What DLSS 4.5 Ray Reconstruction Is and When You Get It
DLSS 4.5 Ray Reconstruction is NVIDIA’s updated AI-driven ray tracing enhancement for GeForce RTX GPUs that replaces traditional denoisers with a second‑generation transformer model to improve lighting, motion clarity, temporal stability, and overall ray-traced image quality while keeping performance close to earlier DLSS versions. NVIDIA plans to roll this update out in August 2026 through the NVIDIA app, and it will work across all RTX-capable GPUs rather than being tied to a specific tier. The company says the new model delivers 35% more compute capability and processes 20% more parameters without a performance penalty, which should translate into cleaner reflections and fewer artifacts in ray tracing graphics. At launch, DLSS 4.5 Ray Reconstruction is expected to support 27 titles, including visually demanding games like Alan Wake 2, Cyberpunk 2077, Hogwarts Legacy, and upcoming releases such as DOOM: The Dark Ages and Star Wars Outlaws.
What Changes for RTX GPU Performance in Games
For gamers, DLSS 4.5 Ray Reconstruction focuses on smarter image reconstruction instead of raw frame-rate gains, but it still matters for RTX GPU performance. By using a more capable transformer model trained on a larger dataset, the technology can keep more ray-traced detail while avoiding the flicker and noise typical of older denoising methods. According to NVIDIA, the updated model offers “35% more compute capability” while handling “20% more parameters” at similar performance levels. That means ray tracing graphics in titles with heavy path tracing—such as Cyberpunk 2077 or the upcoming Half‑Life 2 RTX—should look closer to offline rendering without becoming unplayable. Developers also gain more control over temporal accumulation settings, letting them tune how much information is blended across frames to balance sharpness, ghosting, and stability on a per‑scene basis. Crucially, every existing GeForce RTX owner can benefit once games integrate the updated SDK.
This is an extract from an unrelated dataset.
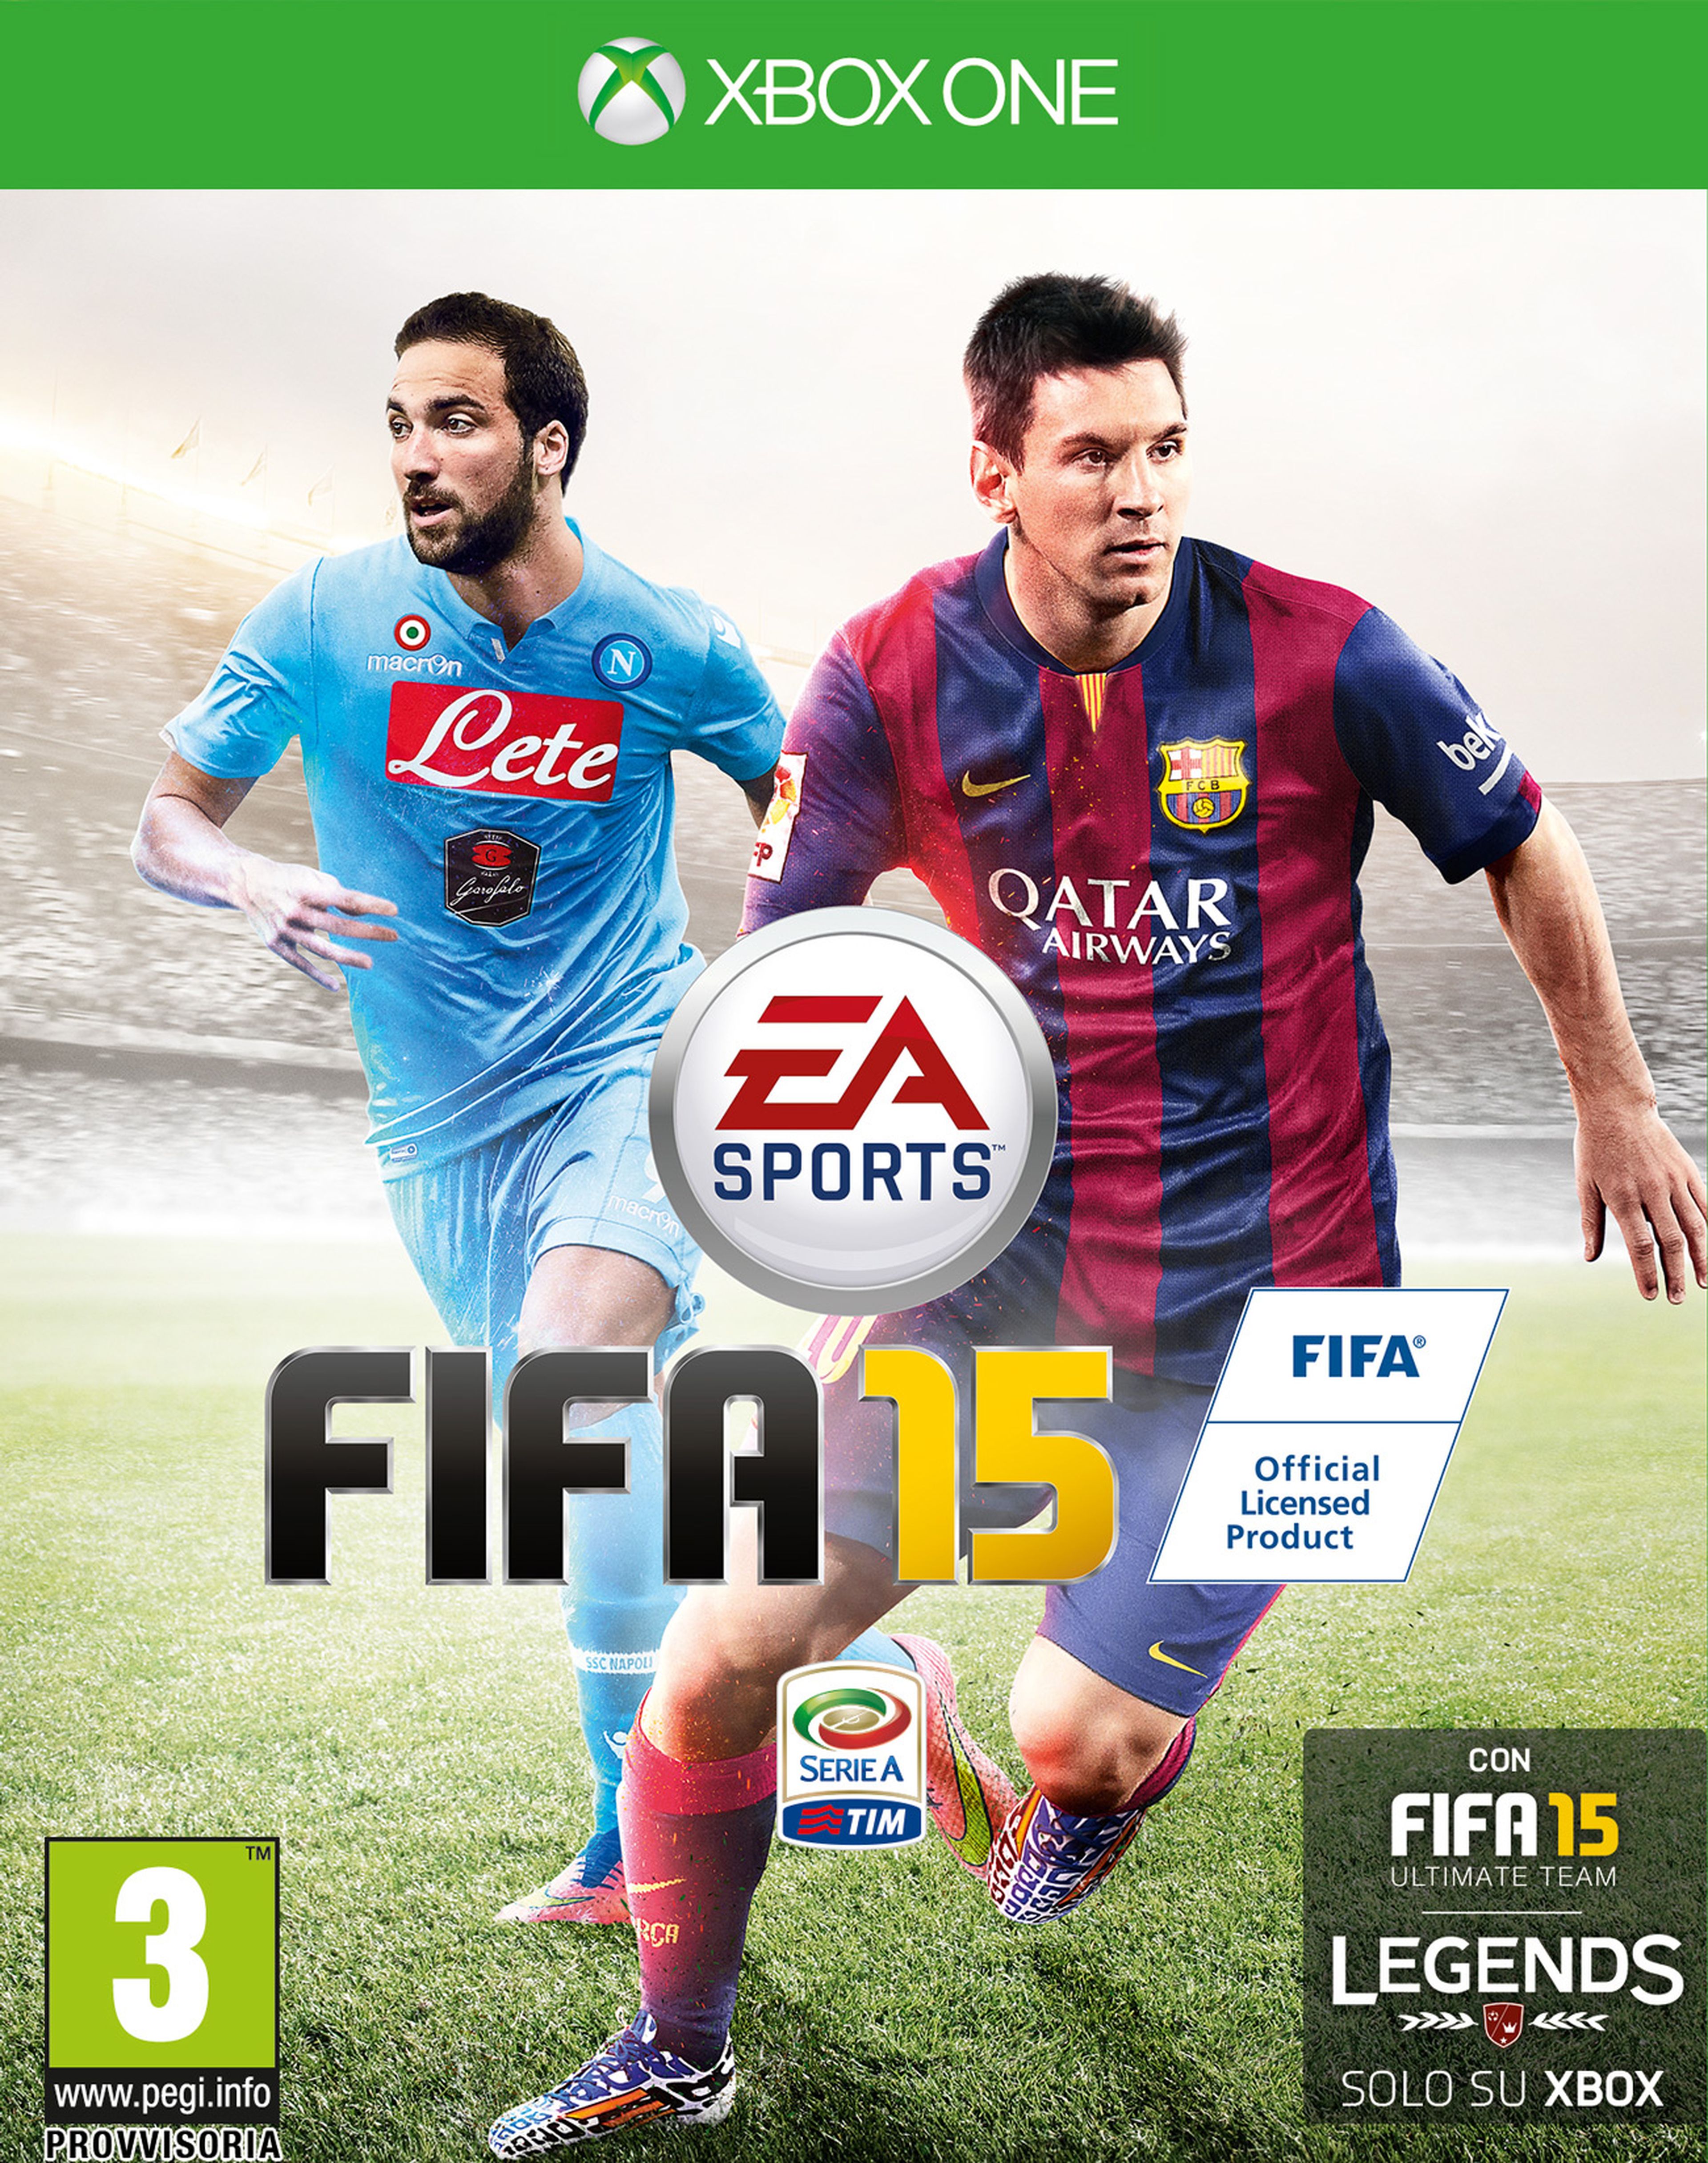 Higuain junto a Messi en la portada de FIFA 15 en Italia

Unreal Engine 5 Plugin: Easier Adoption for Developers
NVIDIA is releasing a dedicated DLSS 4.5 Unreal Engine 5 plugin built on its Streamline framework, giving developers a unified way to add Super Resolution, Frame Generation, and Ray Reconstruction to their projects. The Unreal Engine 5 plugin supports Dynamic Multi Frame Generation, the new 6x Multi Frame Generation mode, and the updated second‑generation transformer model for Super Resolution, making it easier to pair upscaled resolution with cleaner ray-traced lighting. The plugin sits alongside NVIDIA’s RTX Branch for Unreal Engine version 5.7.4, which aligns with Unreal Engine 5.7.4 and brings various stability and compatibility fixes, including improvements to RTX Mega Geometry and Opacity Micro-Maps for ray-traced foliage. Because Ray Reconstruction is part of this plugin pipeline, any UE5 game using it can offer better RTX GPU performance and higher image quality without developers having to stitch together separate integrations for upscaling, frame generation, and ray tracing denoising.
Blender Integration: Faster, Cleaner Renders for Creators
Beyond games, DLSS 4.5 Ray Reconstruction will appear inside Blender Cycles as a new denoising mode, planned for Blender 5.3 later this year. NVIDIA’s goal is to bring near‑final ray-traced quality into the interactive viewport so artists can light, shade, and compose scenes while seeing a much closer approximation of the final render. Compared with existing denoisers, the Ray Reconstruction mode is designed to keep more detail and reduce smearing on fine geometry, textures, and motion. Because the AI model runs on RTX Tensor Cores, creators should be able to maintain responsive viewport navigation while the denoiser cleans up noisy path‑traced samples in real time. This shortens the iteration loop significantly: changing a light, camera, or material no longer means waiting several seconds for a usable preview. Instead, RTX GPU performance is redirected toward delivering higher-quality interactive feedback that speeds up look‑development and shot work.
Why the Broad RTX Rollout Matters
A key shift with DLSS 4.5 Ray Reconstruction is that the upgrade targets the entire RTX installed base, not only the newest hardware generation. By distributing the model through the NVIDIA app and baking support into popular tools like Unreal Engine 5 and Blender, NVIDIA turns what could have been a niche feature into a default option for many players and creators. For gamers, this means that if a title ships with DLSS 4.5 support, improved ray tracing graphics are available on any RTX card that can already run DLSS, from older models to the latest GPUs. For studios, having Ray Reconstruction, Frame Generation, and Super Resolution under one Unreal Engine 5 plugin reduces integration overhead and testing complexity. Together with RTX‑enhanced tools such as NVIDIA ACE and NVIGI for AI-powered in‑game interactions, DLSS 4.5 Ray Reconstruction signals a gradual move toward AI‑assisted rendering as the baseline expectation on RTX hardware.